* _What to do_
Please reproduce the listing in its entirety, exactly as written, but without images.

* _The data_
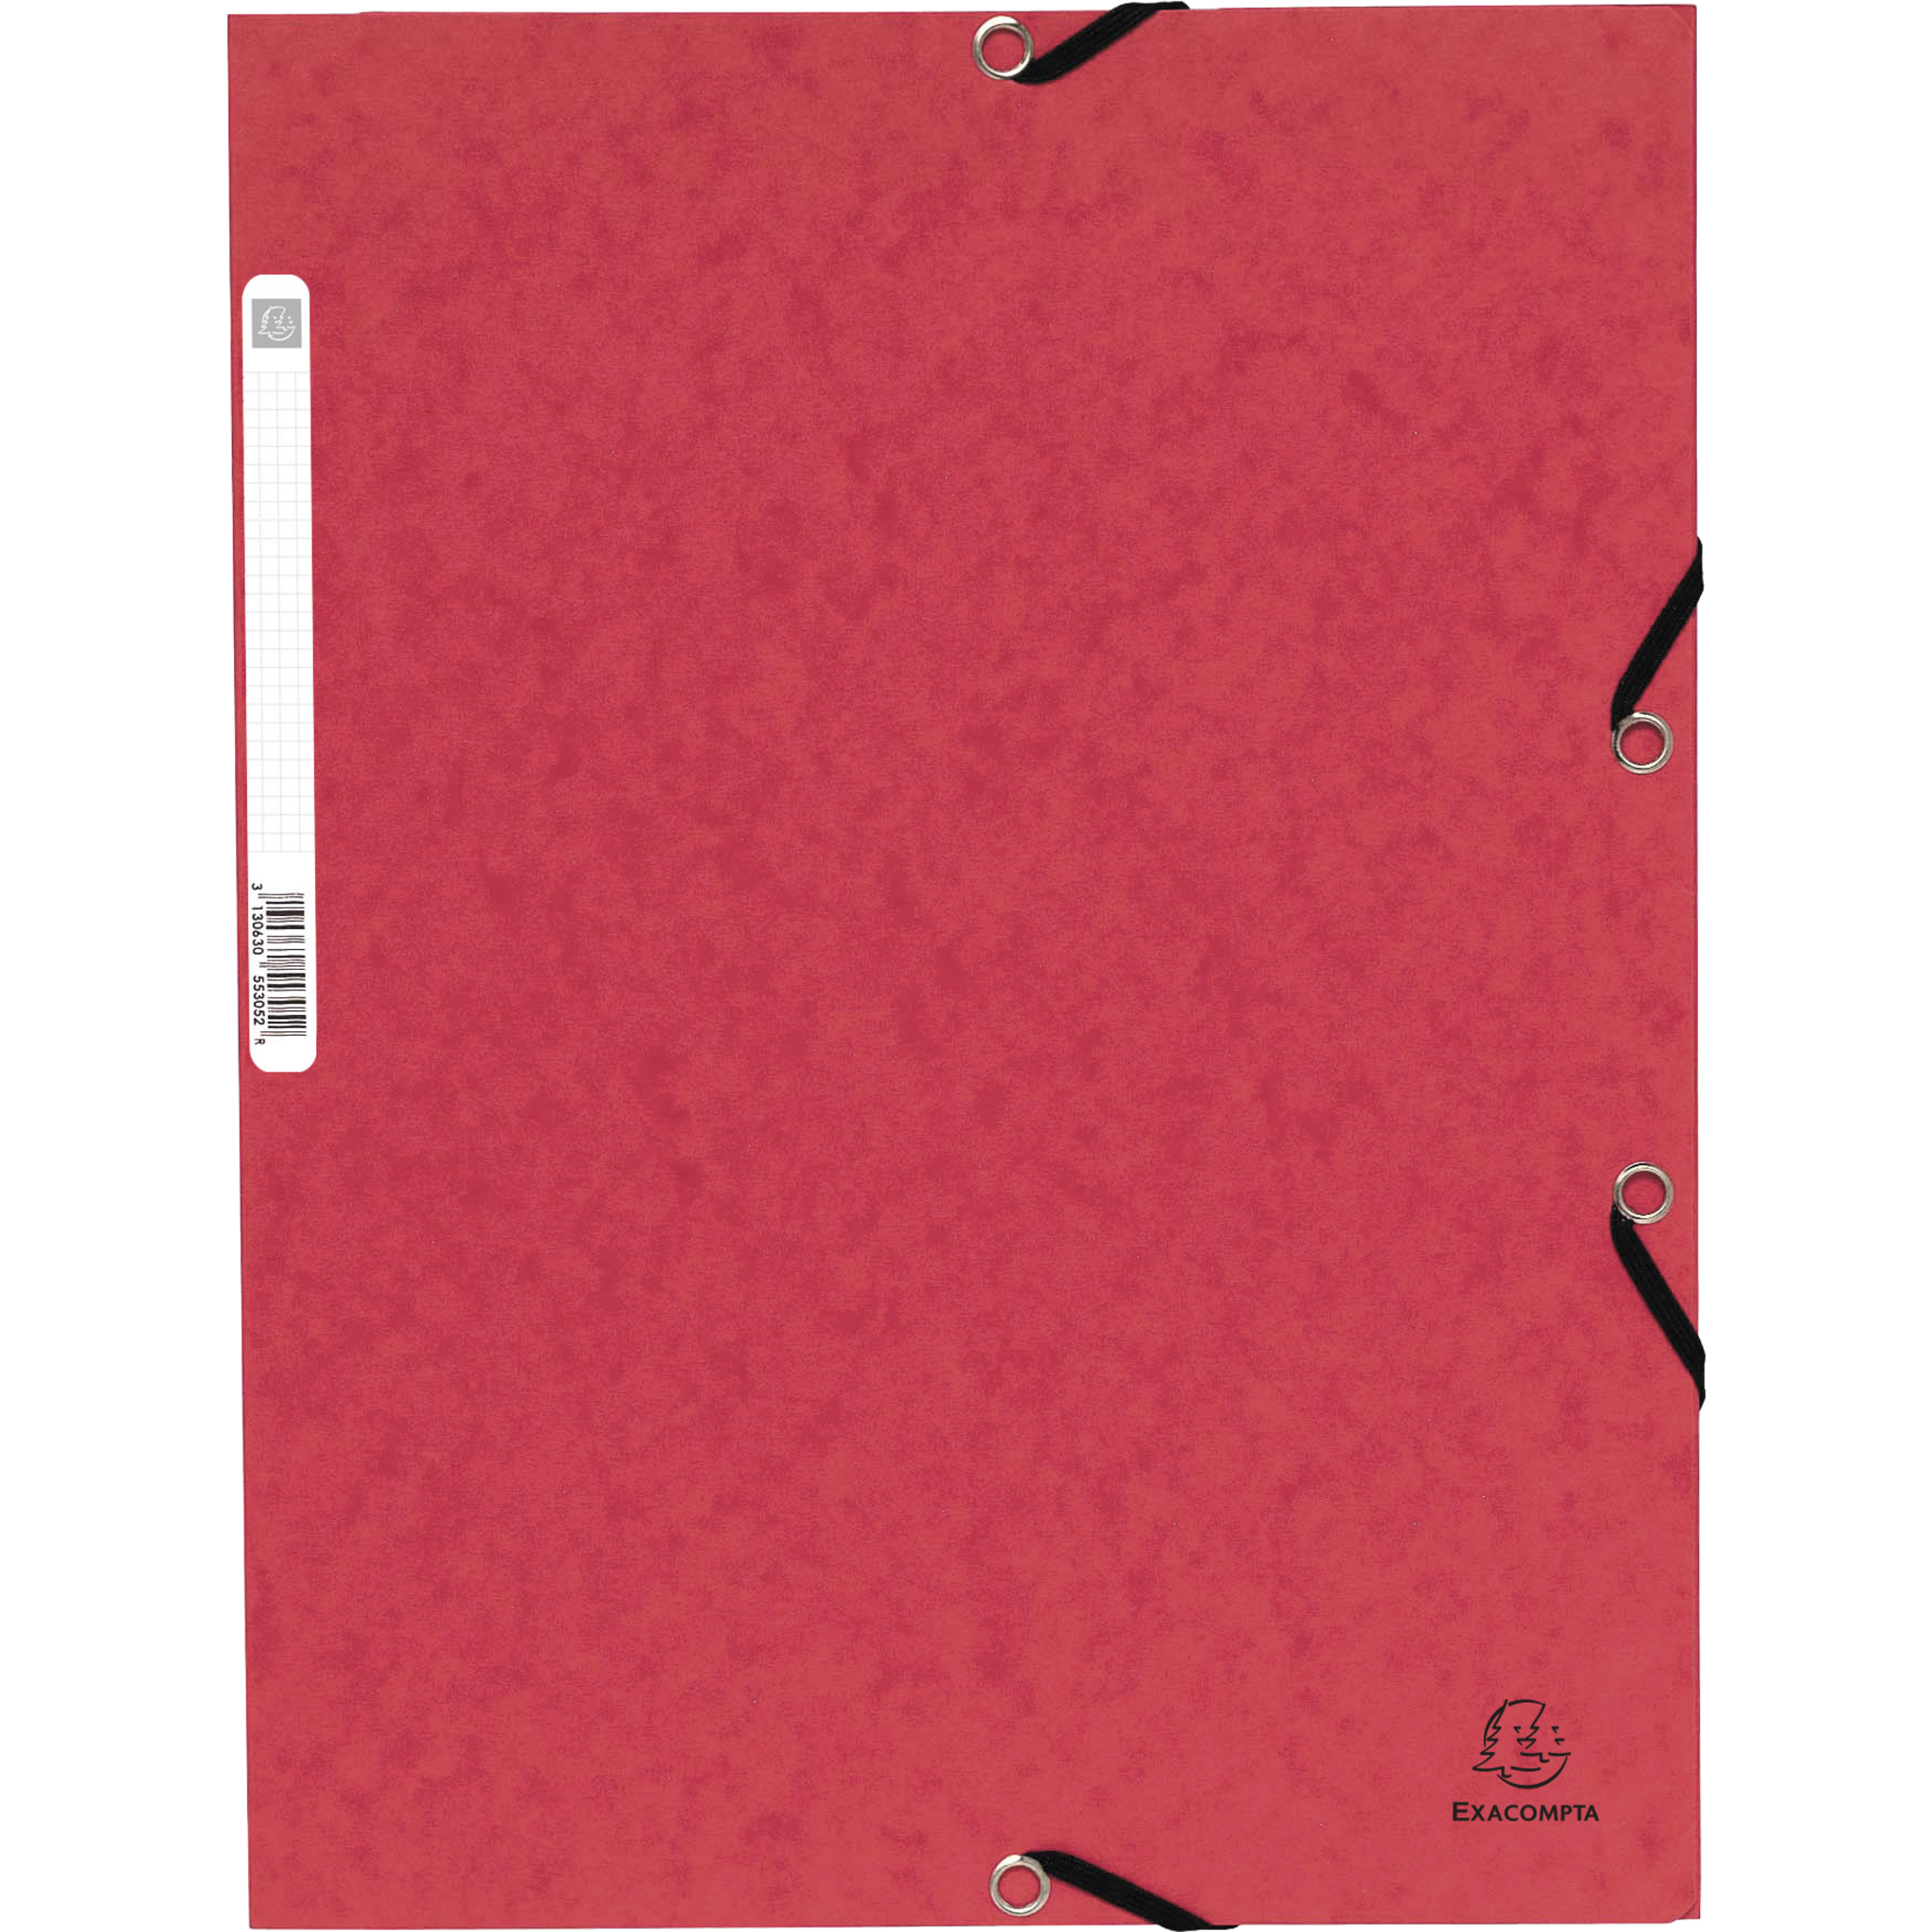 EXACOMPTA Sammelmappe mit Gummizug und 3 Klappen aus Colorspan-Karton 355g/qm, für Format DIN A4 - Rot
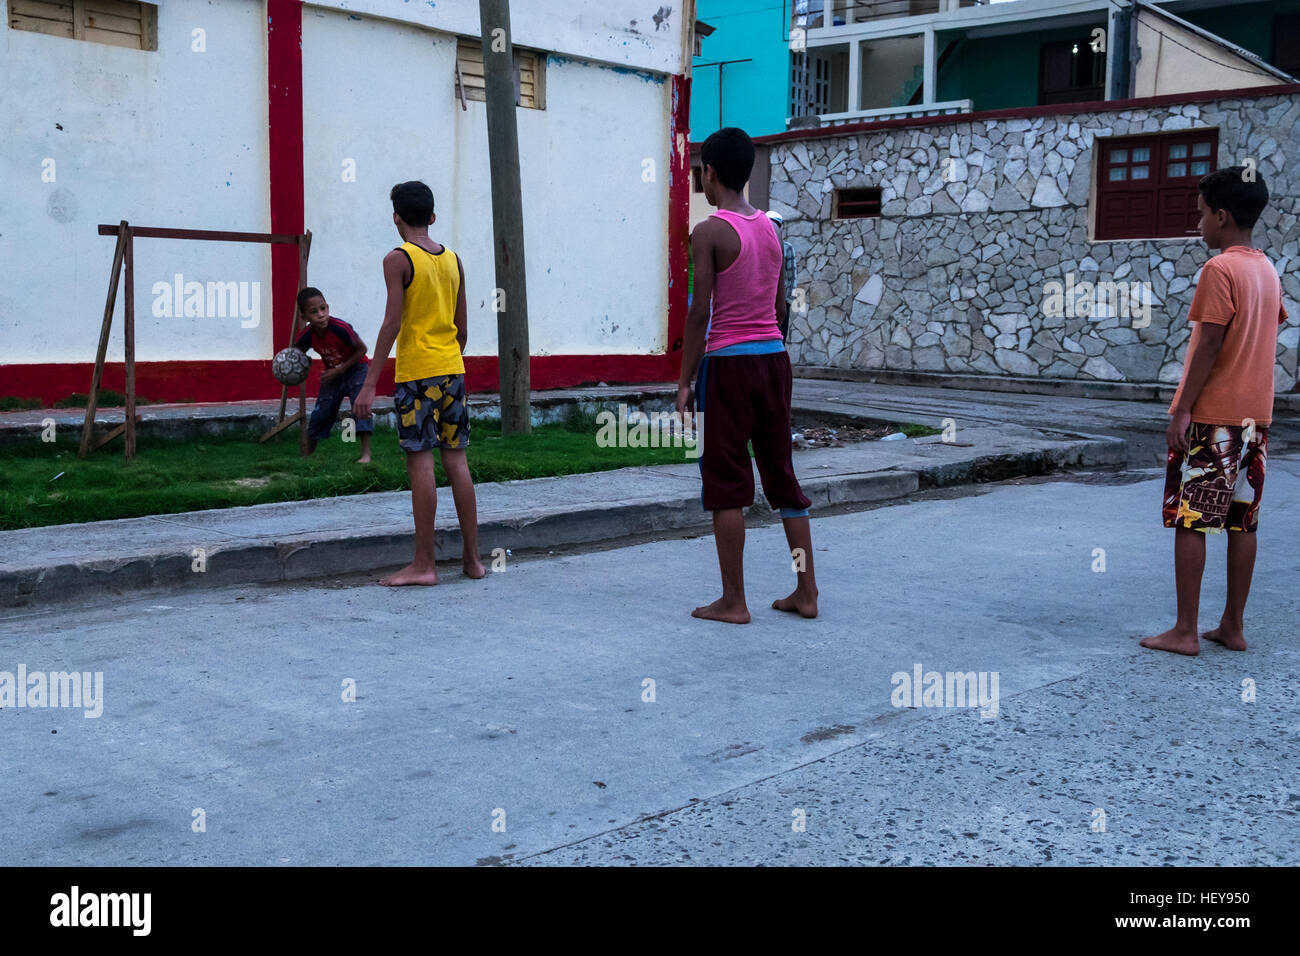 Ragazzi che giocano a calcio a piedi nudi in strada, Baracoa, Cuba Foto Stock
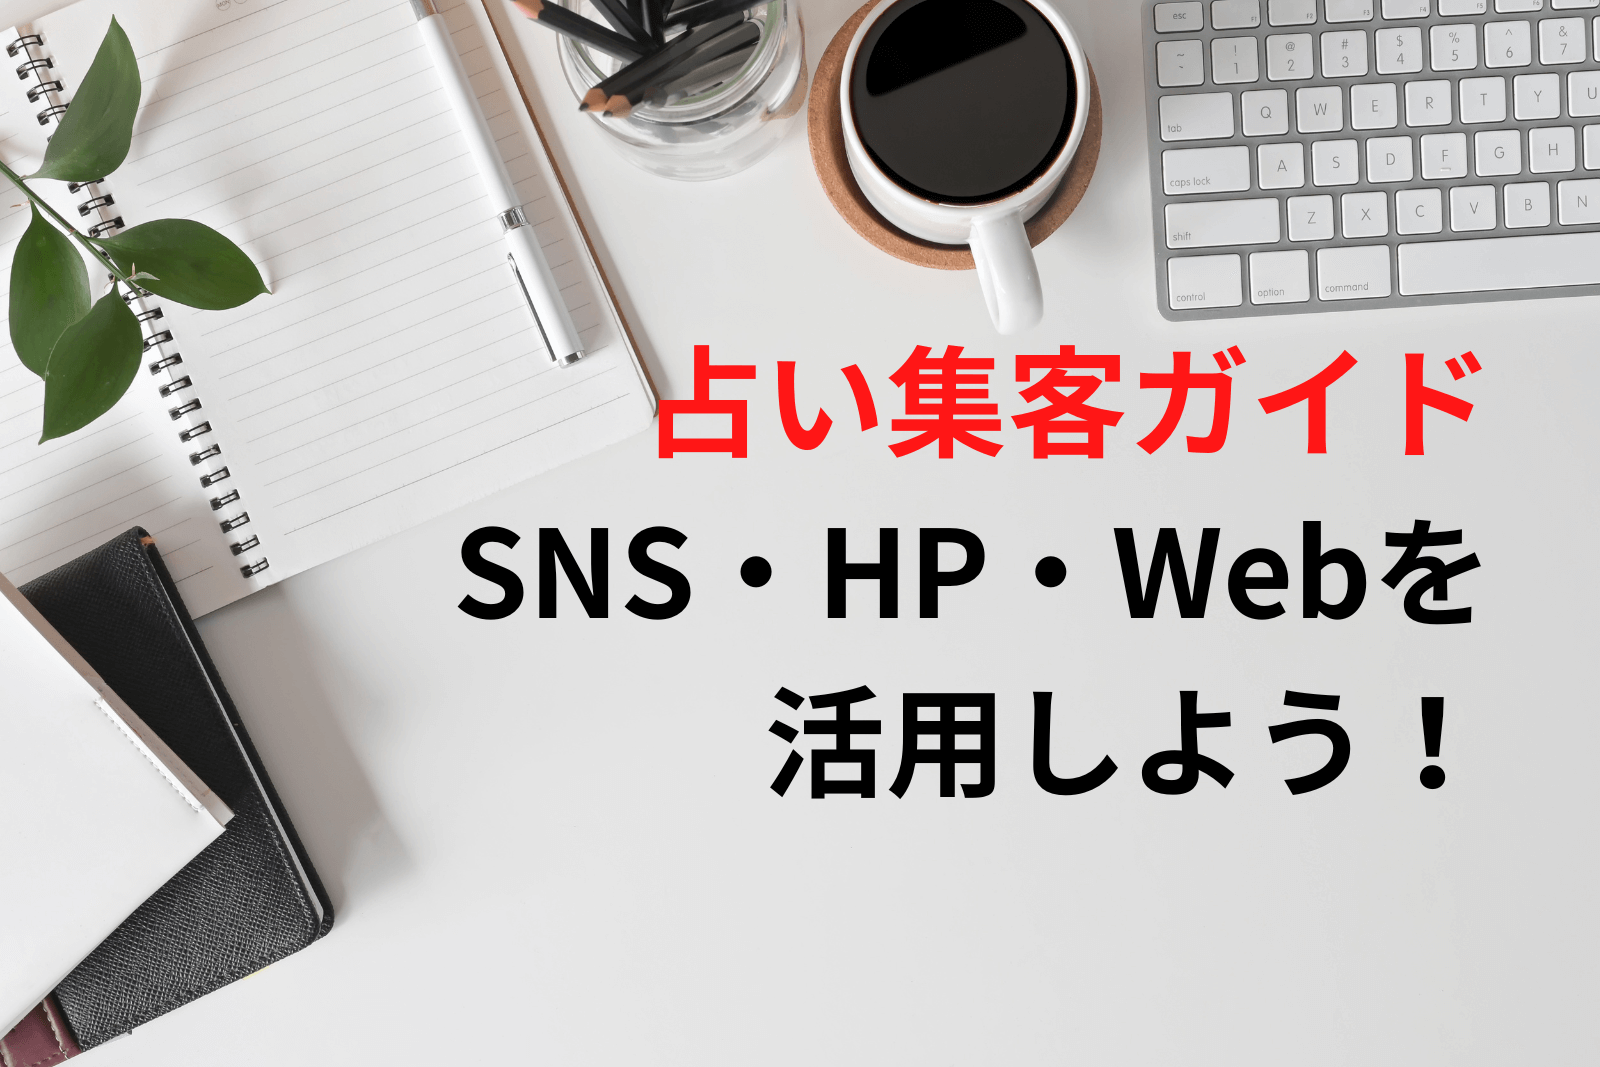 占い集客ガイド丨SNS・HP・Web集客徹底解説！
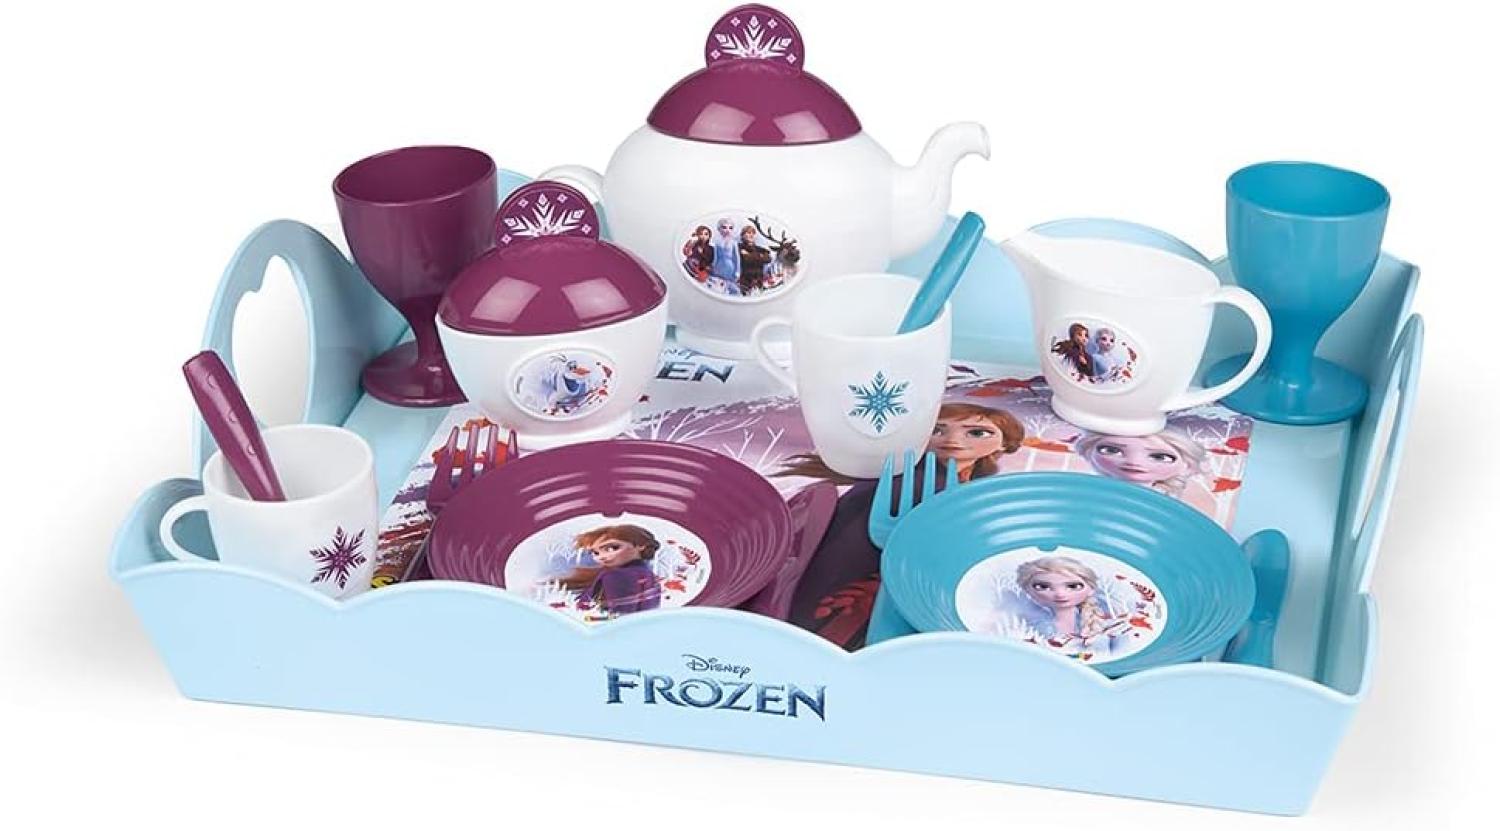 Frozen 2 Serviertablett, Disney Frozen Tablett mit Geschirr, für Kinder ab 3 Jahren Bild 1

* _Final answer_
 EXACOMPTA Sammelmappe mit Gummizug und 3 Klappen aus Colorspan-Karton 355g/qm, für Format DIN A4 - Rot
 Ragazzi che giocano a calcio a piedi nudi in strada, Baracoa, Cuba Foto Stock
 占い集客ガイド丨SNS・HP・Web集客徹底解説！
 Frozen 2 Serviertablett, Disney Frozen Tablett mit Geschirr, für Kinder ab 3 Jahren Bild 1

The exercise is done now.